- **THE PROBLEM**
Copy each line of the records below that has "with" in it.

Segment Start: EXTRACTED RECORDS

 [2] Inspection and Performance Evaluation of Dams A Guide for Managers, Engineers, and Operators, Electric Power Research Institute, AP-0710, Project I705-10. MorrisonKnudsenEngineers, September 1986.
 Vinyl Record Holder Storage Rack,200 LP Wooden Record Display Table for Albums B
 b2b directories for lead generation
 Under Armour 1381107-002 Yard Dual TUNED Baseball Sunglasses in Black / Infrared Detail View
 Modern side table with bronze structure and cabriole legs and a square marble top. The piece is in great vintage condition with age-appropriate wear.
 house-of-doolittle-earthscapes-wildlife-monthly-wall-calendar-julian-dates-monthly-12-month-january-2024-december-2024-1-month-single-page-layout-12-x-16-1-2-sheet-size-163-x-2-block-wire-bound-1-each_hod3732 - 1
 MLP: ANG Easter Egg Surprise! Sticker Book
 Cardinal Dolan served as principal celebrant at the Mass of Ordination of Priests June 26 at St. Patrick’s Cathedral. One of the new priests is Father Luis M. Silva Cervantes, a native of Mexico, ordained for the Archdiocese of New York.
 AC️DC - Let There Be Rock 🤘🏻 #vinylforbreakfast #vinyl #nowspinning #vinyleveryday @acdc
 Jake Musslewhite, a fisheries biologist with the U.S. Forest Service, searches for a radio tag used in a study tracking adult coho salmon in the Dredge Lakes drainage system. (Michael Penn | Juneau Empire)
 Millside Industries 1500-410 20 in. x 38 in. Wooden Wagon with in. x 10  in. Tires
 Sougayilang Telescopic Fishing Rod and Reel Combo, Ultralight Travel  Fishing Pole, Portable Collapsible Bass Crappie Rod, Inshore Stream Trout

Segment End: EXTRACTED RECORDS

- **RESPONSE FOR THIS EXERCISE**
 Modern side table with bronze structure and cabriole legs and a square marble top. The piece is in great vintage condition with age-appropriate wear.
 Jake Musslewhite, a fisheries biologist with the U.S. Forest Service, searches for a radio tag used in a study tracking adult coho salmon in the Dredge Lakes drainage system. (Michael Penn | Juneau Empire)
 Millside Industries 1500-410 20 in. x 38 in. Wooden Wagon with in. x 10  in. Tires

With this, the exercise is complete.